Что характерно — пока я постигал науку парусов и канатов, морская болезнь не смела приблизиться к такому занятому человеку. Но стоило мне попытаться провести время в праздном безделии, в мягком гамаке — как сразу мутилось в голове и желудок пытался избавиться от содержимого. Оставался единственный вариант чередовать периоды тяжкого труда палубного матроса с перманентным пьянством. Кажется, я начинал понимать образ жизни флибустьеров.

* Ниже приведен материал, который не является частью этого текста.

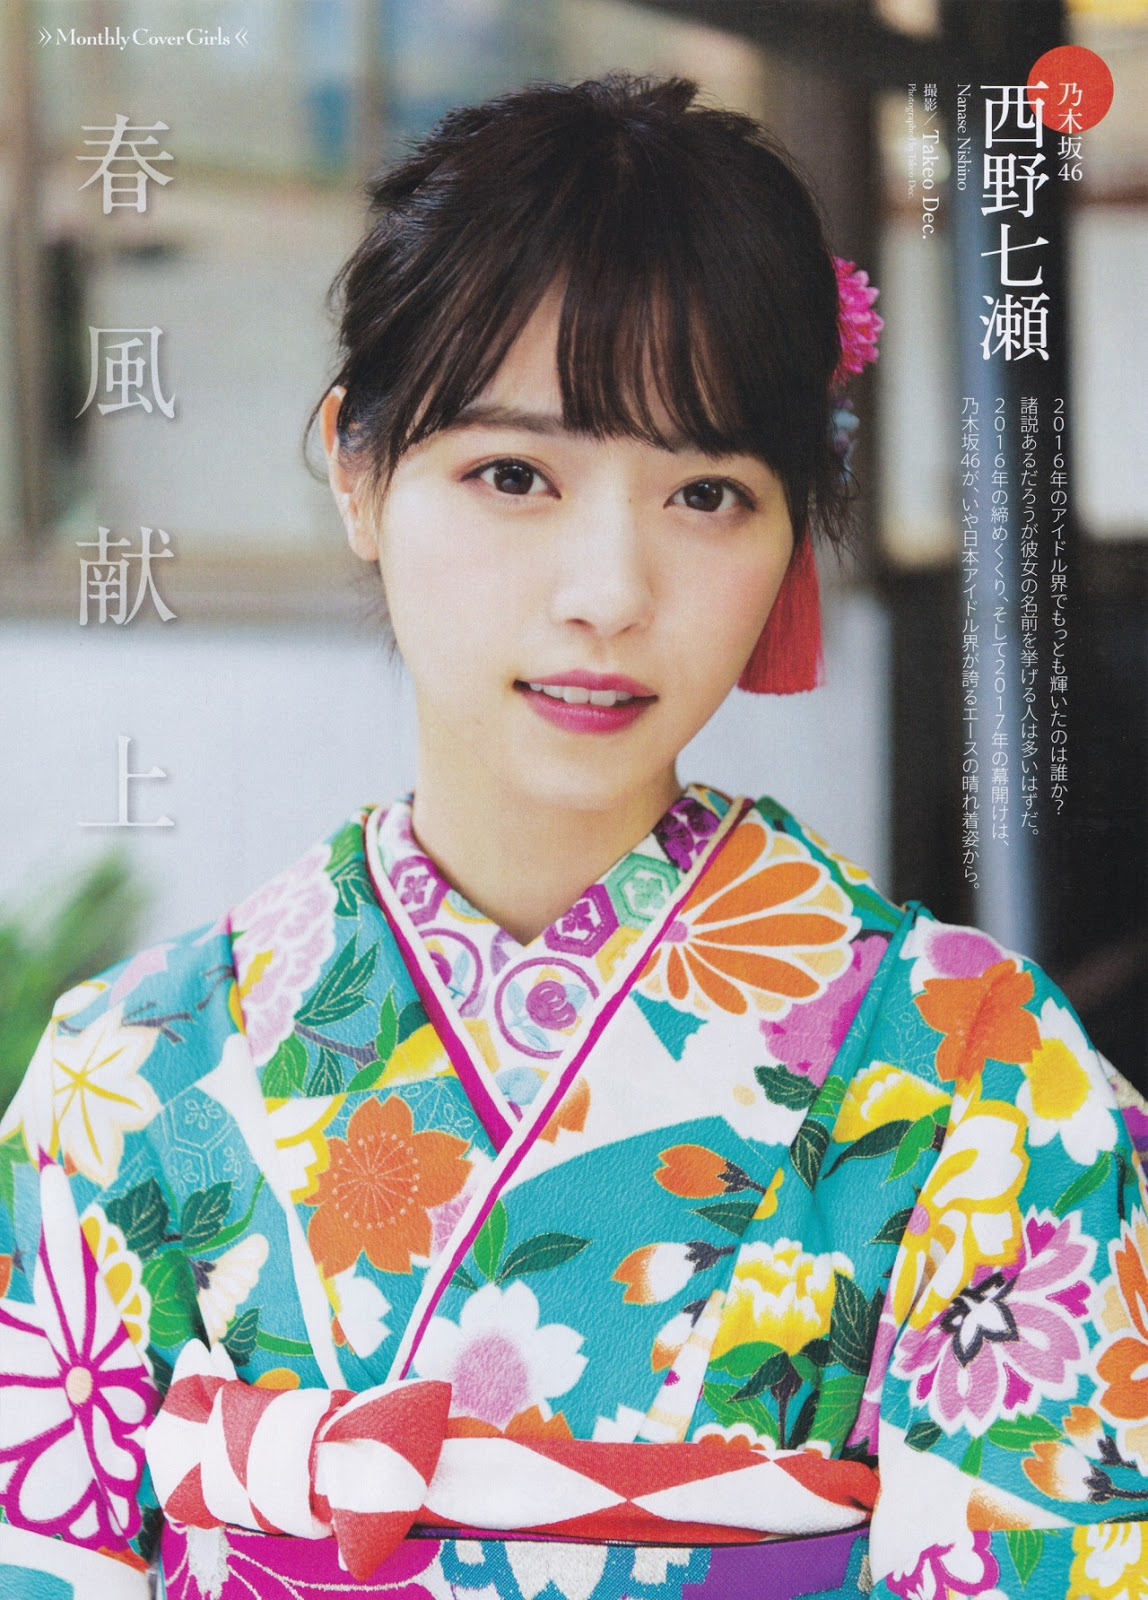 Nishino Nanase 西野七瀬 Nogizaka46, ENTAME 2017.02 (月刊エンタメ 2017年2月号)
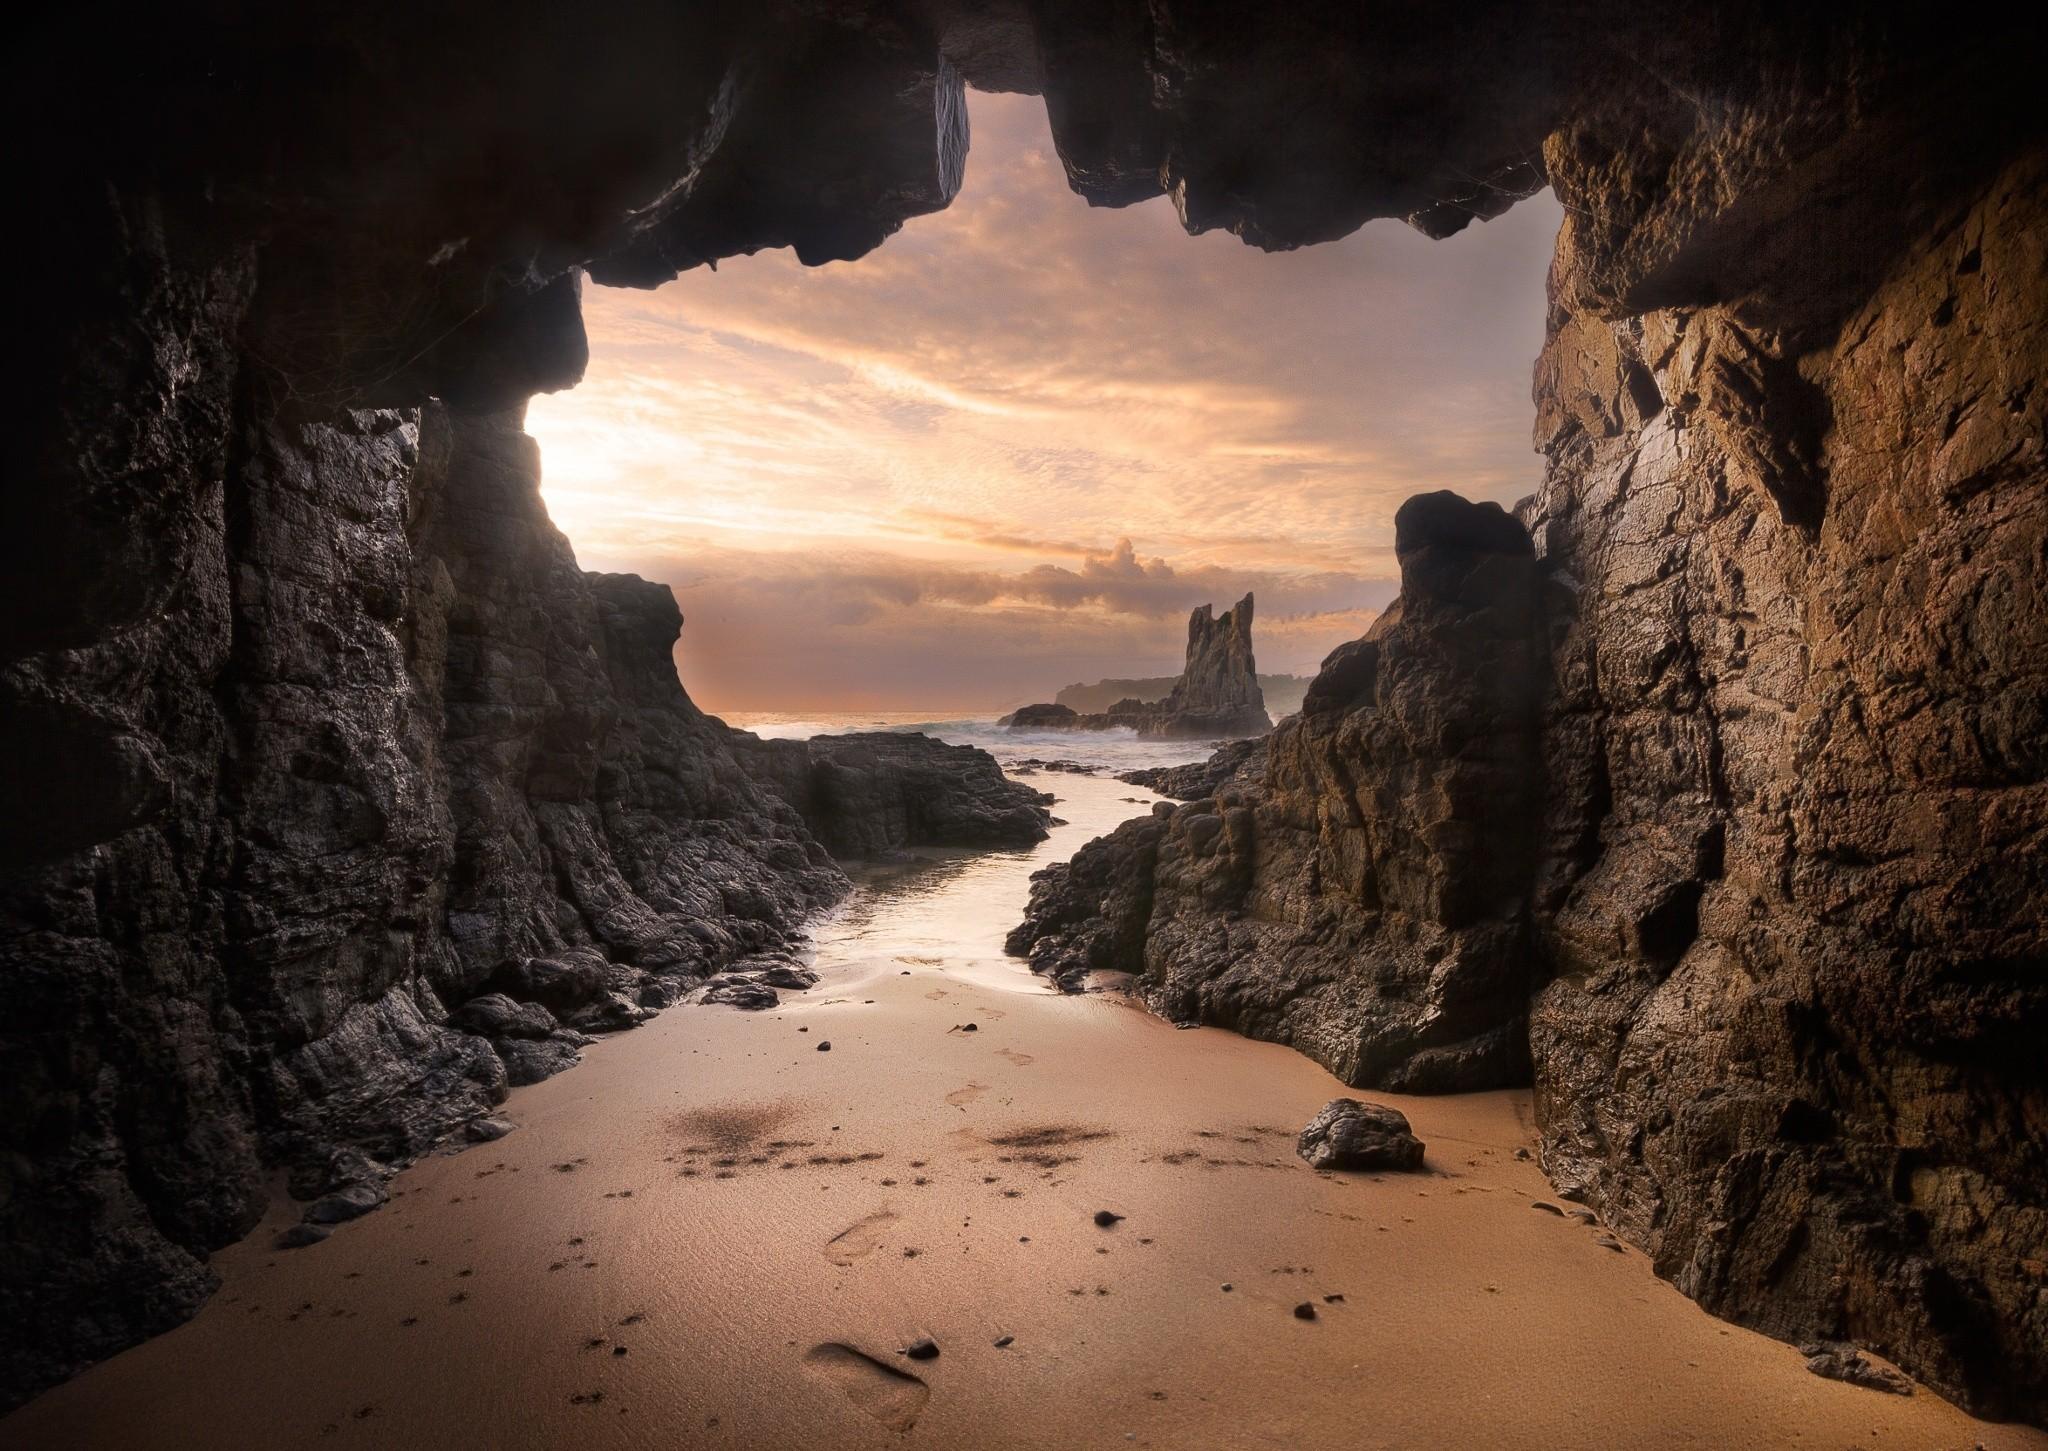 Beach Cave Earth Horizon Ocean Rock Sea 2048x1451

После такого режима дня совершенно точно хотелось заорать что-то непотребное и прикончить парочку конкистадоров на фоне заходящего солнца. Фахнерт управлялся со штурвалом, двумя удочками и такими бестолковыми членами команды, как мы с Тесом на удивление ловко.
Под конец первых суток мы стали понимать его с полуслова, запекли на жаровне полдюжины макрелей, выпили полгаллона вина, и, несмотря на порывистый ветер в правый борт и курс бакштаг, приблизились к Гель-Гью, так что до этого города-порта оставалось не больше семи морских миль, или двенадцати-тринадцати верст.
Солнце уже тронуло кромку горизонта, окрасившись в красно-оранжевый цвет, по небу пробегали редкие облака, и я готовился отправляться отдыхать, когда Тес вдруг воскликнул:
— Масса, большая лодка видна. Побольше нашей!
Мы с капитаном синхронно повернули головы в сторону, куда указывал абиссинец.
— Что-то не так с этим кораблем? — вырвалось у меня.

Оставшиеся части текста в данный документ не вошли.